→ **Prompt**: What is needed is a word-for-word copy of the listing below, without pictures.

→ **Information supplied**:
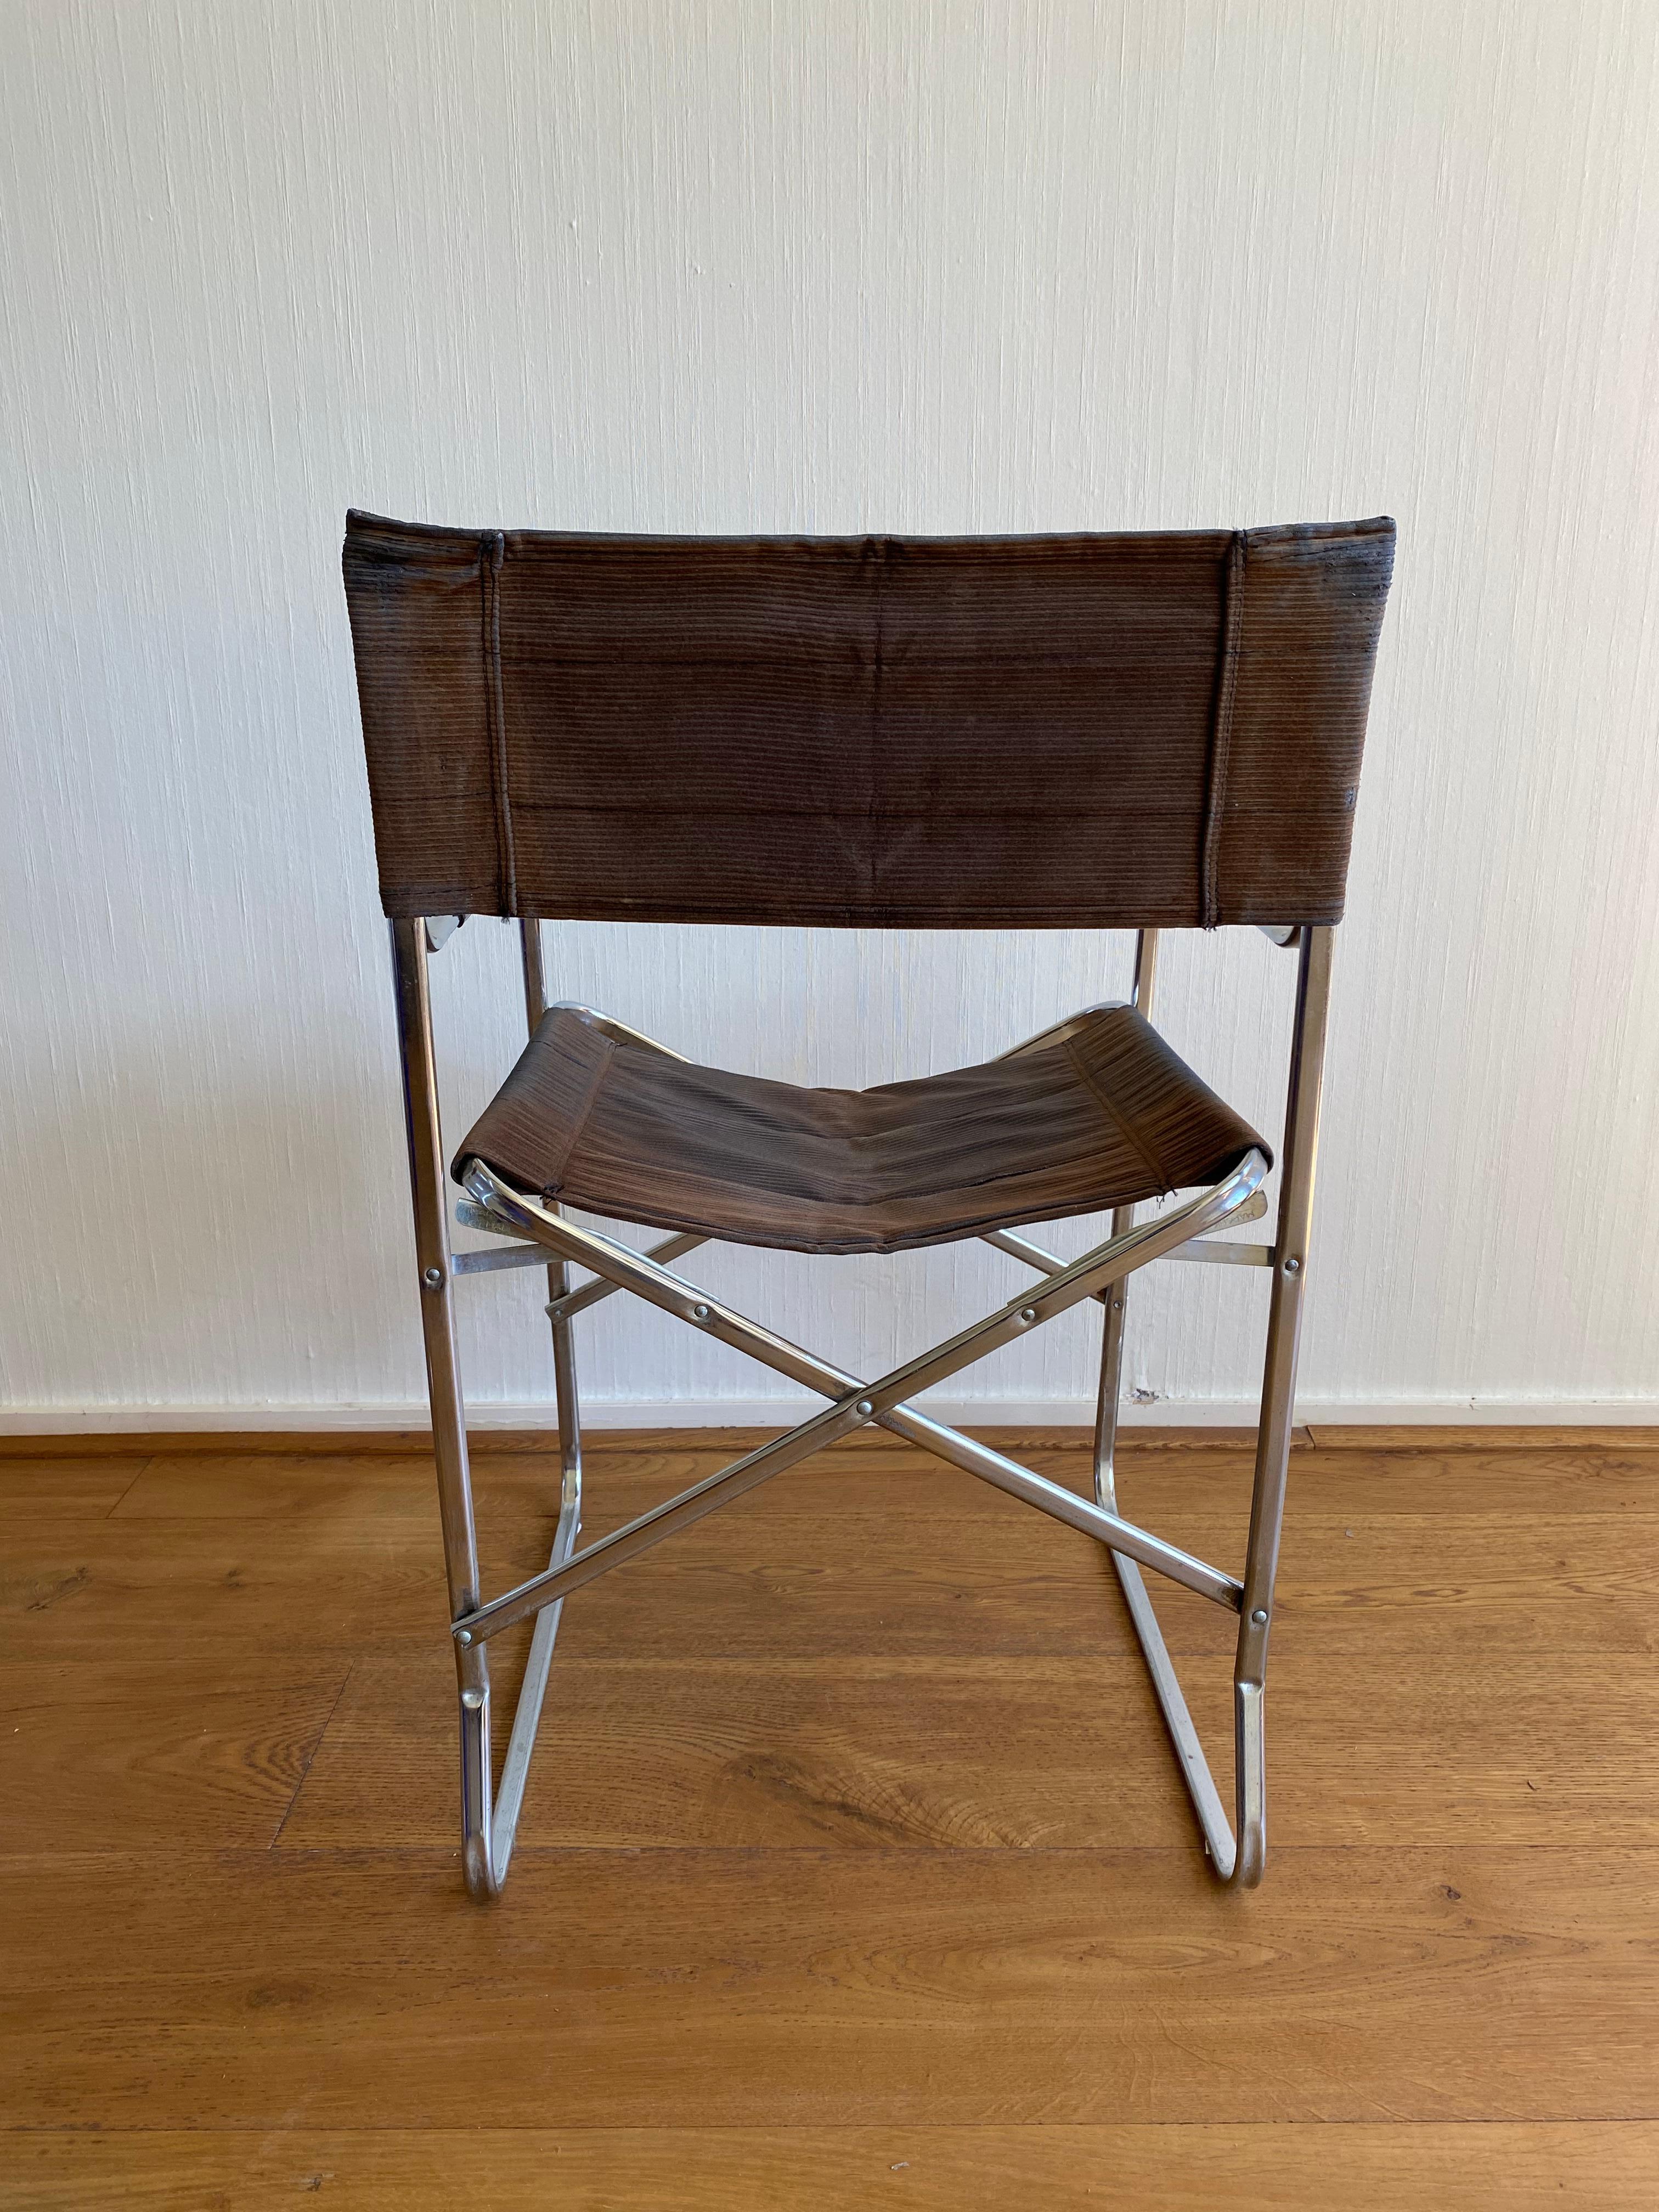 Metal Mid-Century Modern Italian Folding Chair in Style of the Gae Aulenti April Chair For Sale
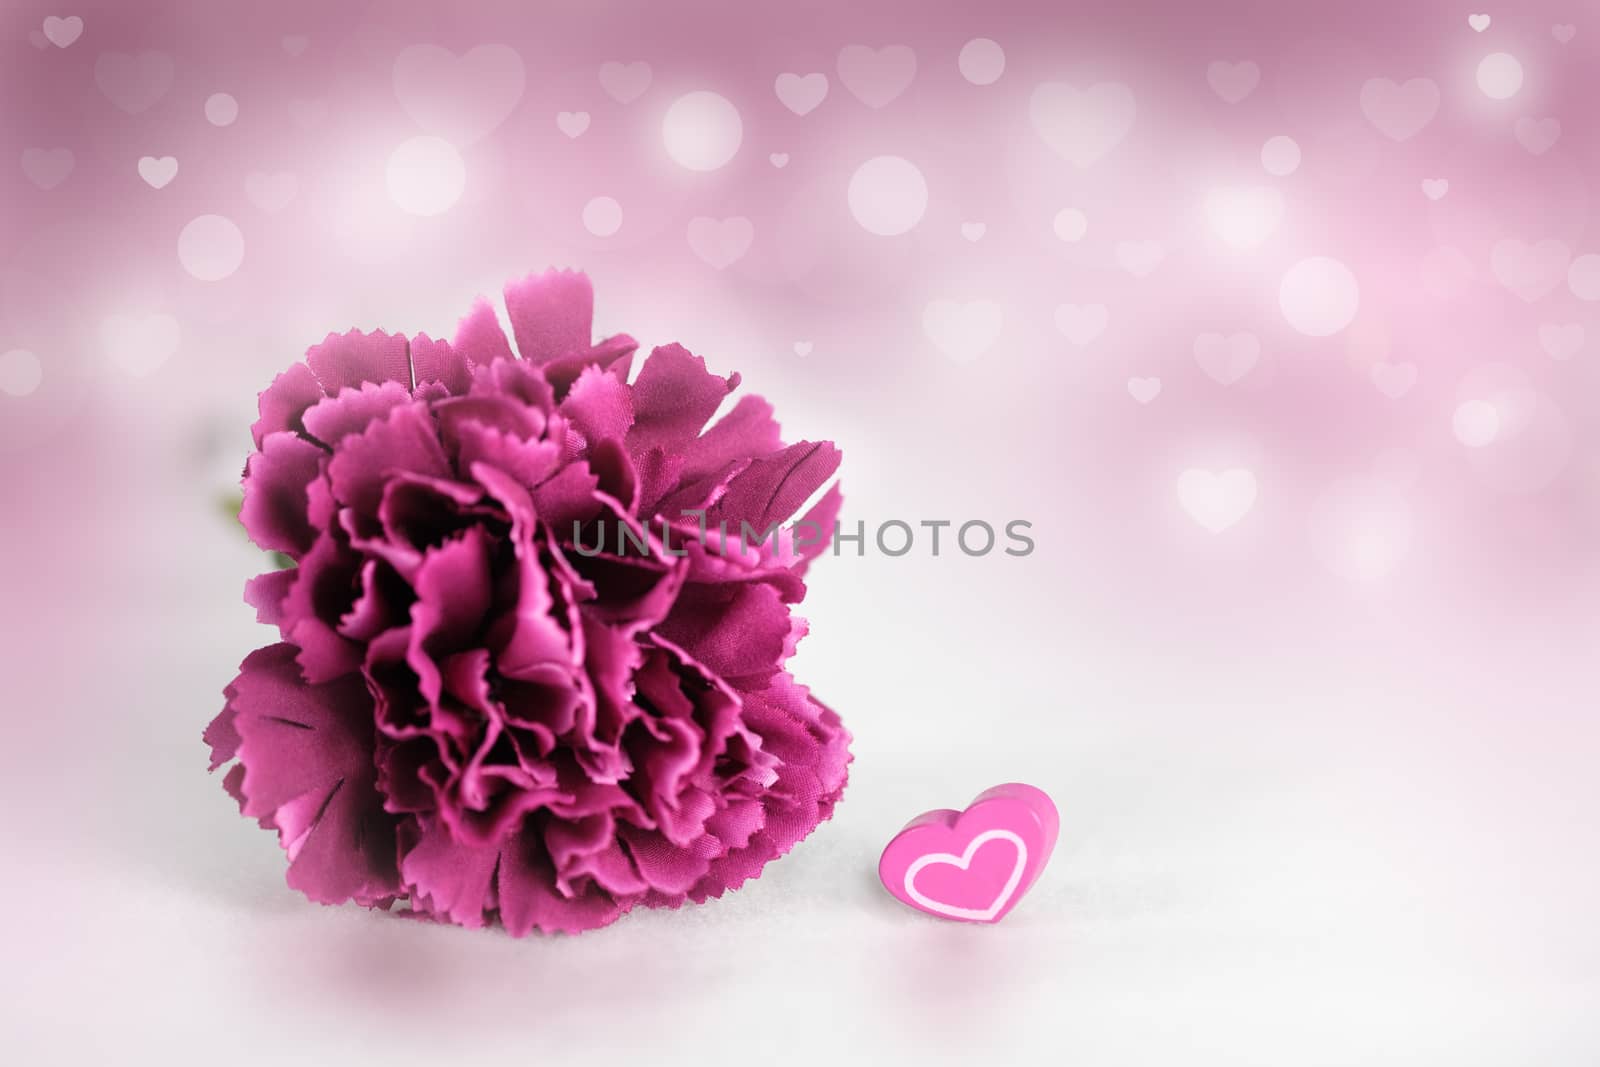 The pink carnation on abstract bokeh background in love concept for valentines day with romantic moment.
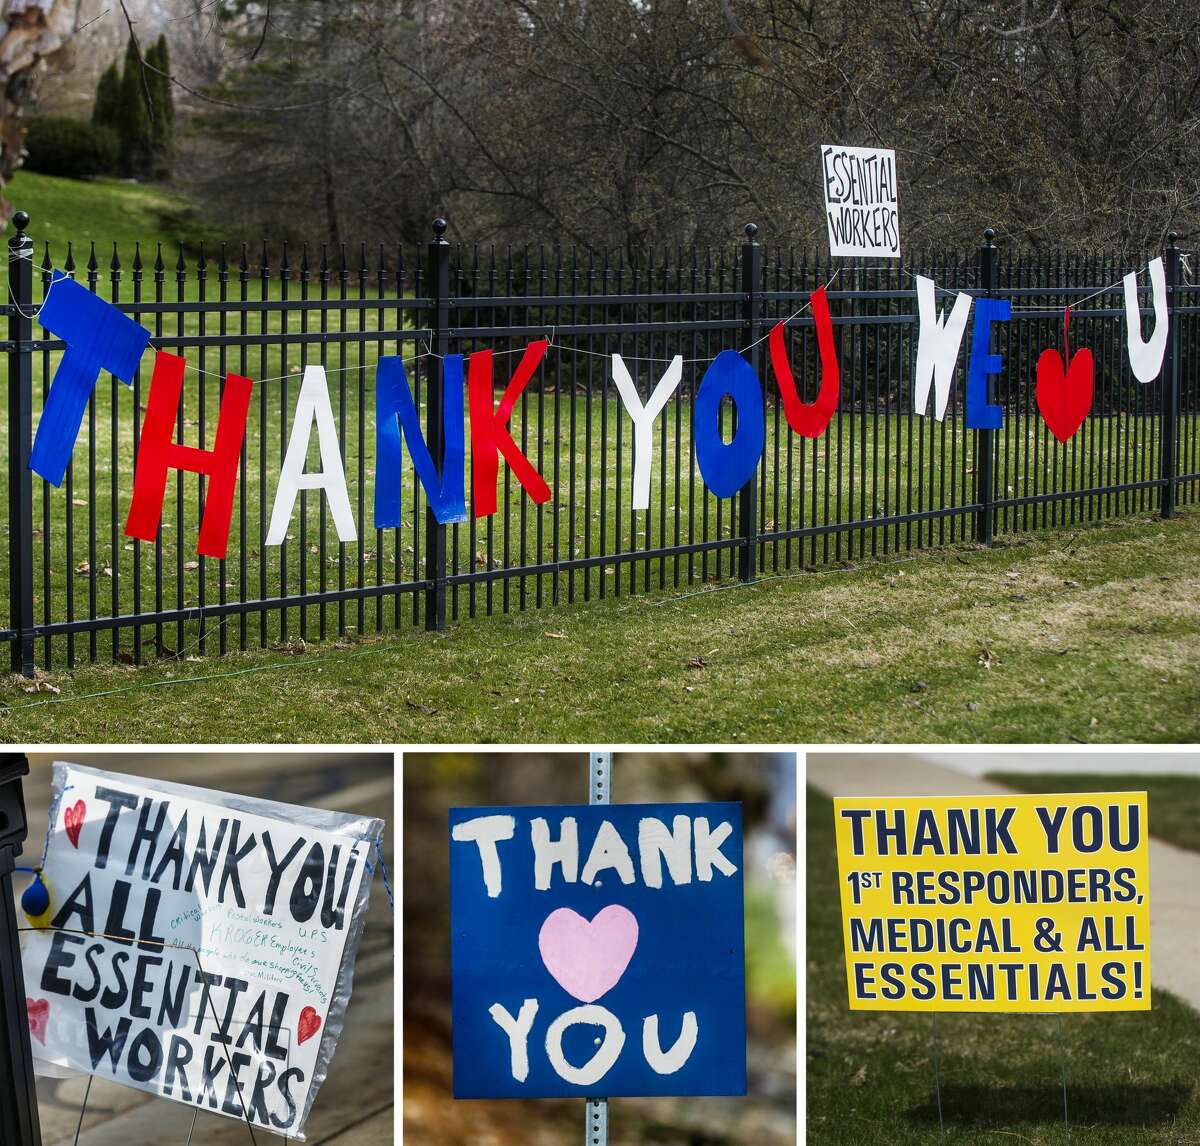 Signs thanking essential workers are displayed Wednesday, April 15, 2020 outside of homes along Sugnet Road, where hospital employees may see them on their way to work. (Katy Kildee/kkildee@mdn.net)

→ **Answer box**:
 Metal Mid-Century Modern Italian Folding Chair in Style of the Gae Aulenti April Chair For Sale
 The pink carnation on abstract bokeh background in love concept for valentines day with romantic moment.
 Signs thanking essential workers are displayed Wednesday, April 15, 2020 outside of homes along Sugnet Road, where hospital employees may see them on their way to work. (Katy Kildee/kkildee@mdn.net)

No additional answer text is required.